== Data in this exercise ==

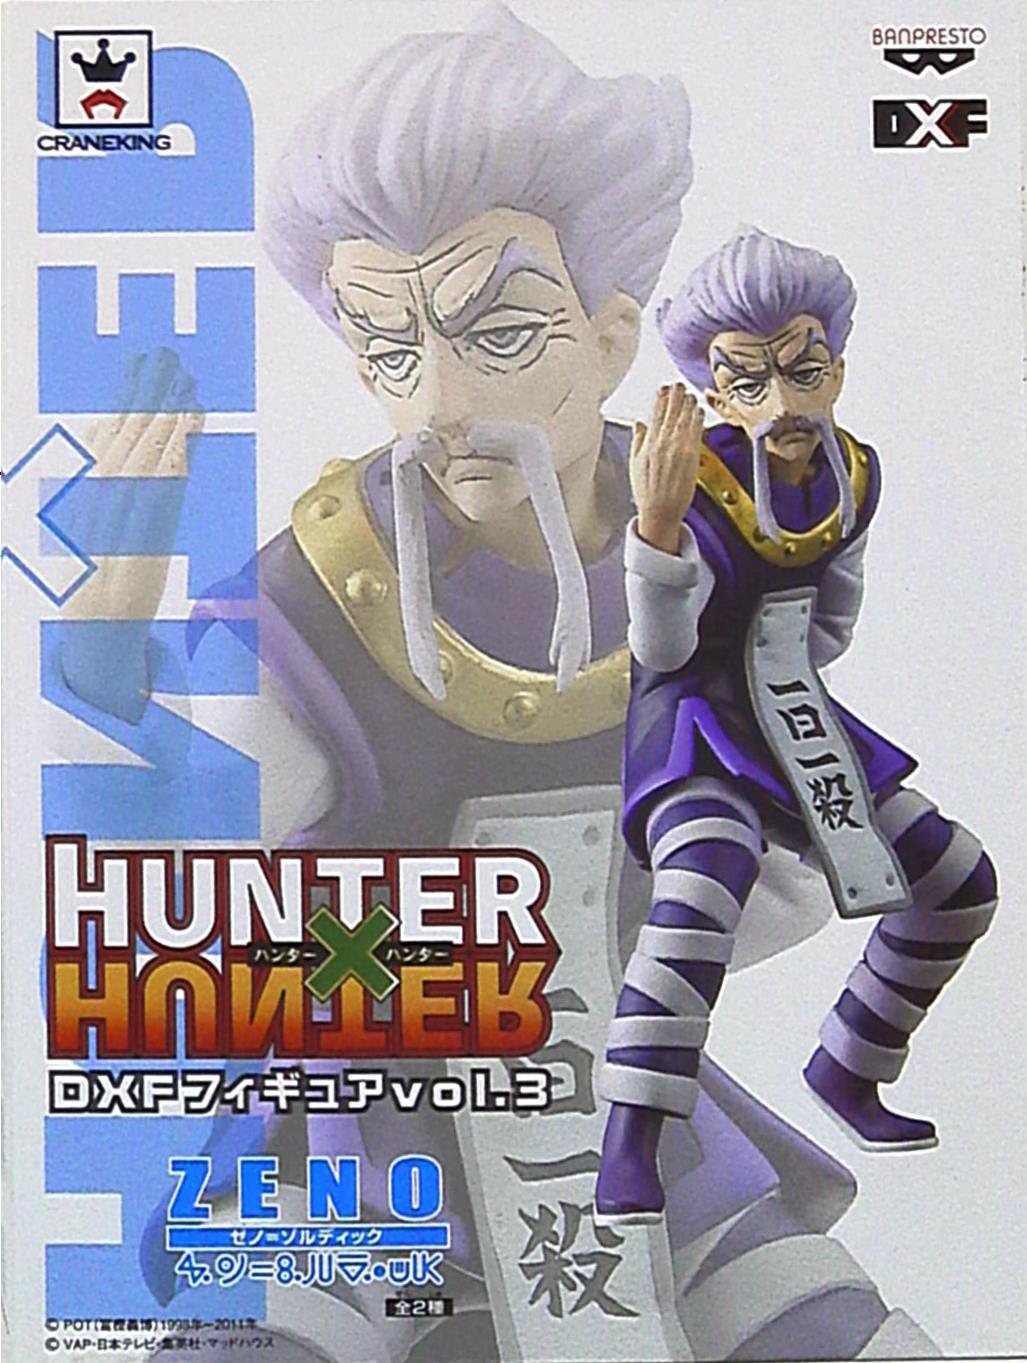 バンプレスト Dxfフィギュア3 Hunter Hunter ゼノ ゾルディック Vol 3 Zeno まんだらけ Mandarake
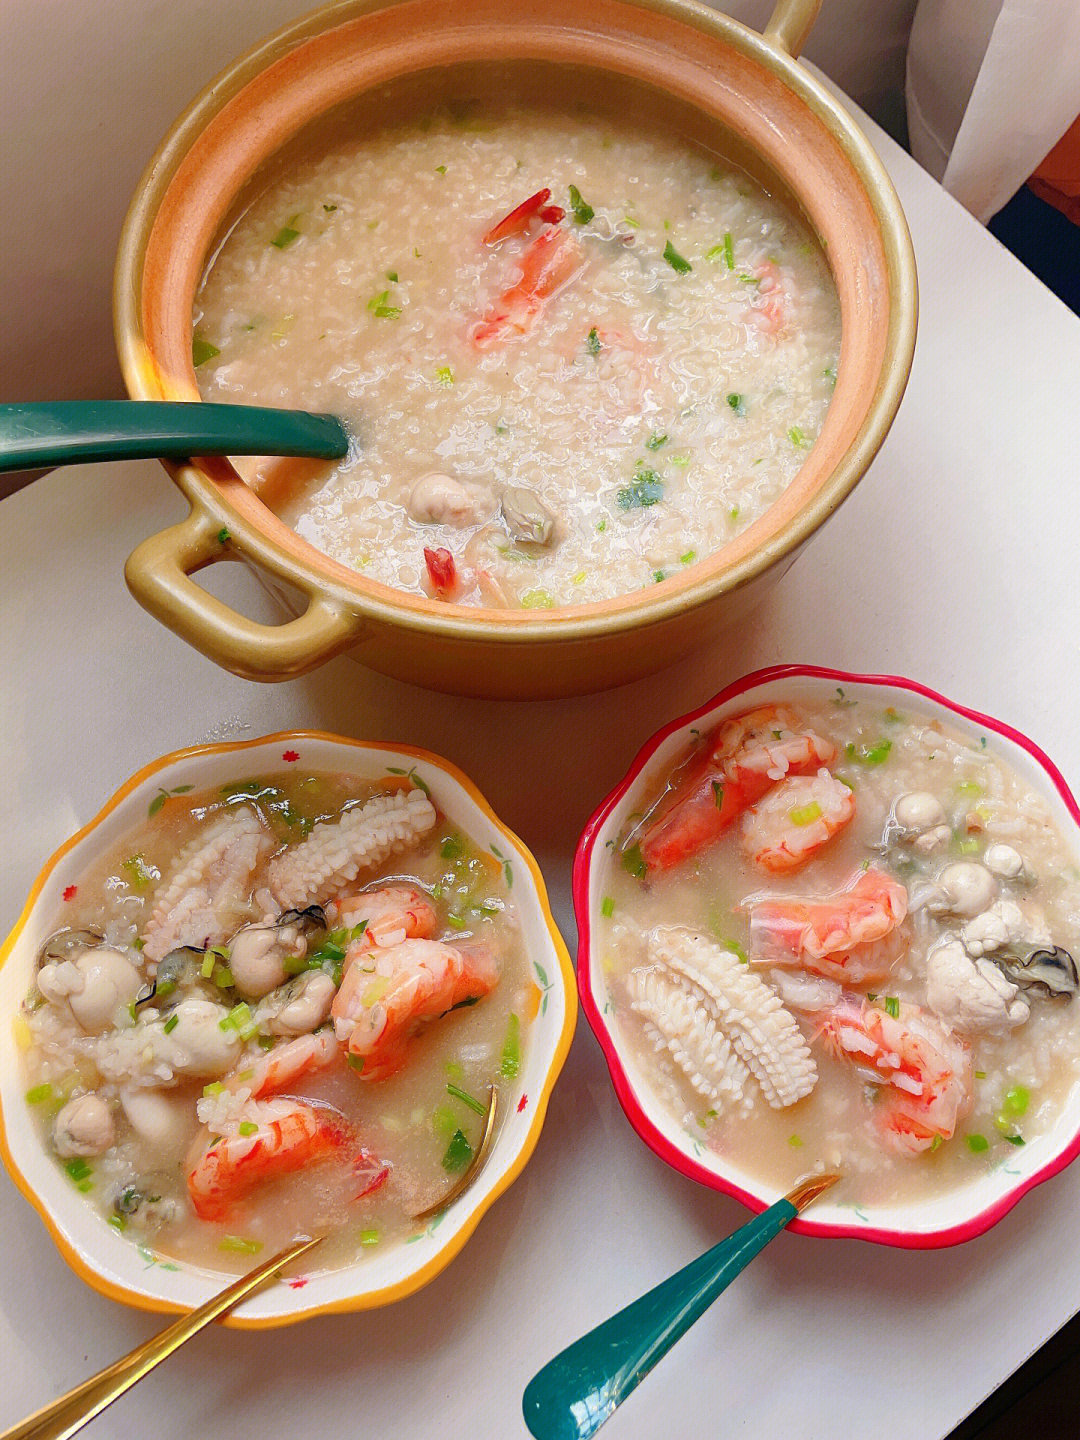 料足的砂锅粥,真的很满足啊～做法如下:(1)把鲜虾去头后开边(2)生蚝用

===
== Data in this exercise ==

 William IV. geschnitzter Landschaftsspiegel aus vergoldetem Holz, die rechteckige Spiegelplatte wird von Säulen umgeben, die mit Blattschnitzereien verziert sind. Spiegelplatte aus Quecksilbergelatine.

===

§ **Problem details**: Only the lines above from the one with "バンプレスト Dxfフィギュア3 Hunter" to the one with "料足的砂锅粥,真的很满足啊～做法如下:(1)把鲜虾去头后开边(2)生蚝用" should be printed, both included and exactly as written; no picture belongs in the copy.

§ **Response to the exercise**:
 バンプレスト Dxfフィギュア3 Hunter Hunter ゼノ ゾルディック Vol 3 Zeno まんだらけ Mandarake
 料足的砂锅粥,真的很满足啊～做法如下:(1)把鲜虾去头后开边(2)生蚝用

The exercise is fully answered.